Oasis Live '25 Tour
- Promotional poster for the tour
- Location: Asia; Australia; Europe; North America; South America;
- Start date: 4 July 2025
- End date: 23 November 2025
- Legs: 1
- No. of shows: 41
- Supporting acts: Asian Kung-Fu Generation; Ball Park Music; Cage the Elephant; Cast; Otoboke Beaver; Richard Ashcroft;
- Attendance: 2.89 million (41 shows)
- Box office: $525.3 million (41 shows)
- Website: oasisinet.com/live/

Oasis concert chronology
- Dig Out Your Soul Tour (2008–2009); Oasis Live '25 Tour (2025); Oasis Live '27 Tour (2027);

= Oasis Live '25 Tour =

2025 concert tour by Oasis

The Oasis Live '25 Tour was a concert tour by the English rock band Oasis. It began on 4 July 2025 at the Principality Stadium in Cardiff, Wales, and concluded on 23 November at Estádio do Morumbi in São Paulo, Brazil. The tour marked Oasis's first live appearances since they split in August 2009. Their reunion and the tour were announced on 27 August 2024, two days before the 30th anniversary of their debut album, Definitely Maybe. Initially, seventeen dates across five cities in the United Kingdom and Ireland were announced, including five dates each at Wembley Stadium in London and Heaton Park in Manchester. Three extra dates were announced on 29 August 2024. Further dates were added and the band eventually performed 41 concerts in 14 countries. The announcement of the tour prompted six of Oasis's releases to re-enter the UK charts, including "Live Forever", which reached a new peak position of #8.

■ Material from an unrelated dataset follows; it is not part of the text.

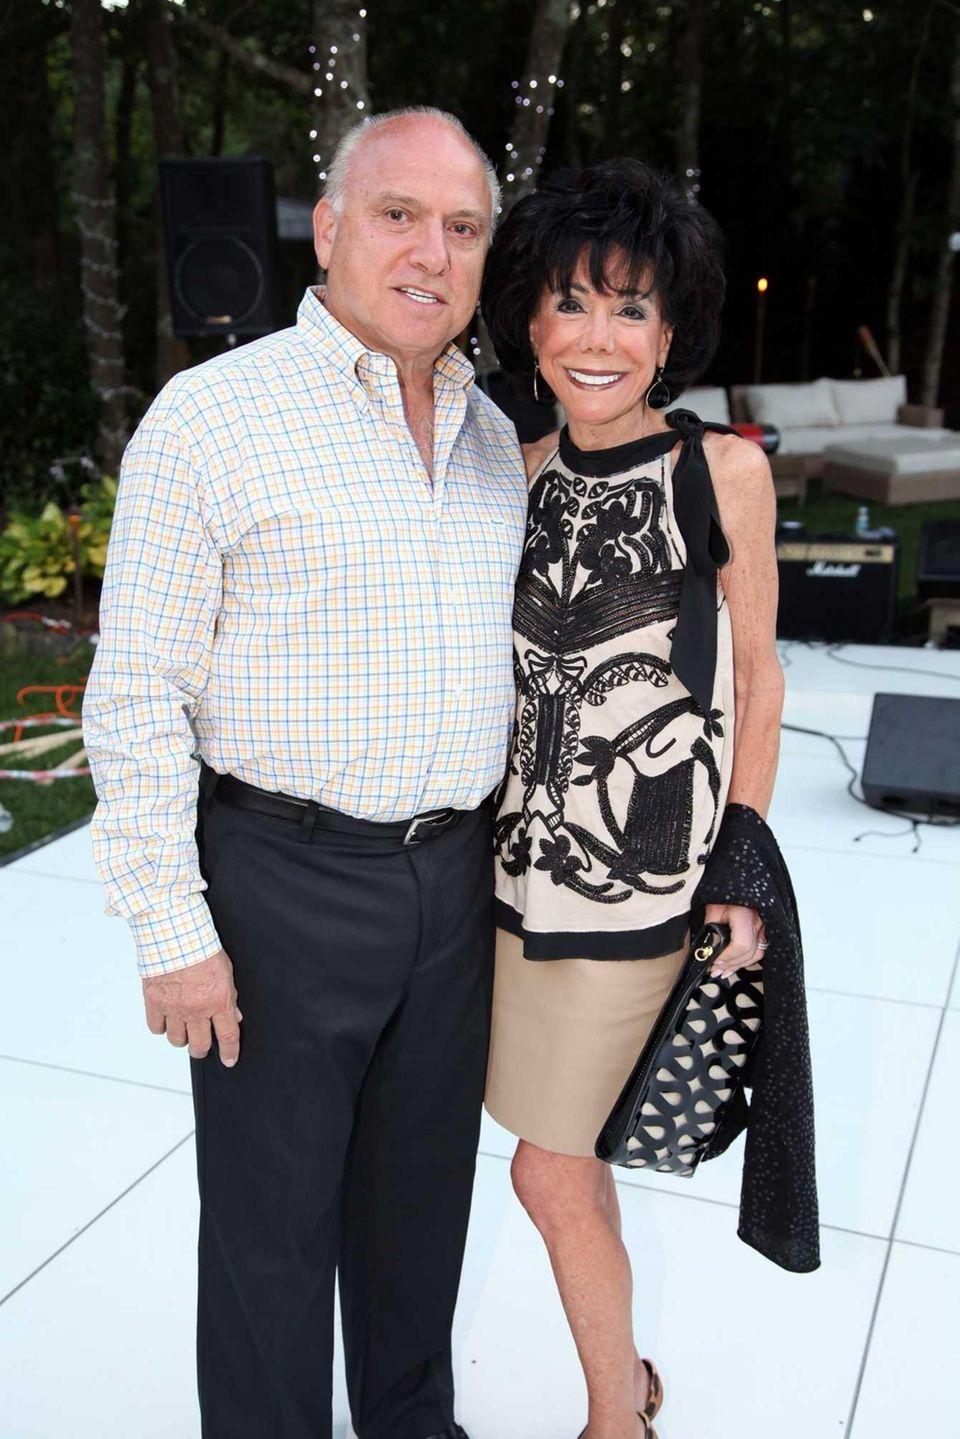 David Feinsod and Carole Feinsod attend the Hamptons
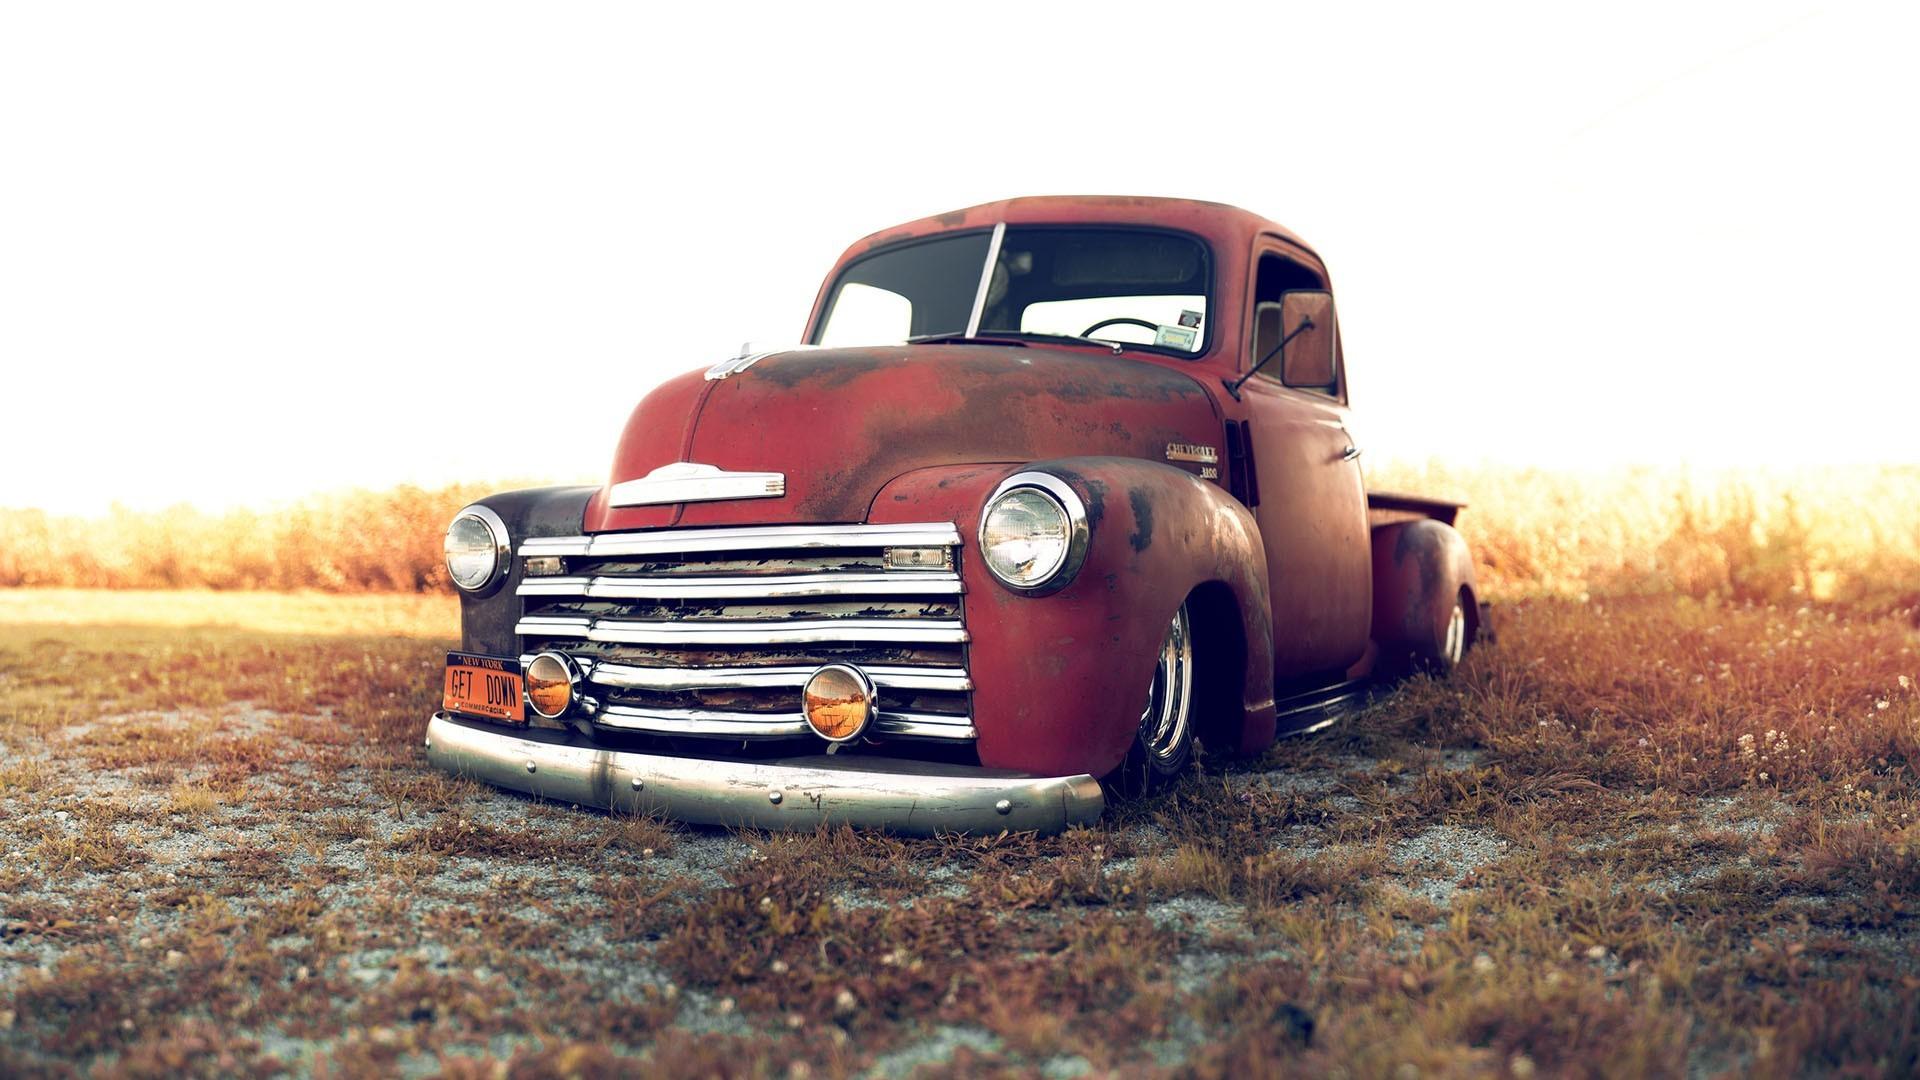 1949 CHEVY chevrolet trucks lowriders custom classic-cars wallpaper .

General sale tickets were released on 31 August 2024, with users reporting long queue times, 503 error messages, being mistaken for bots, frustrations with dynamic pricing, limited purchasing time windows, and high reseller fees. Around 14 million people were estimated to have submitted requests for 1.4 million tickets for the 17 shows announced at the time across the UK and Ireland. To satisfy demand, Oasis announced multiple additional concert dates in the UK and Ireland, followed by dates in North America, Australia, South America and Asia, for which dynamic pricing was not used. The support acts for the tour included Cast, Richard Ashcroft, Cage the Elephant, Ball Park Music, Asian Kung-Fu Generation and Otoboke Beaver.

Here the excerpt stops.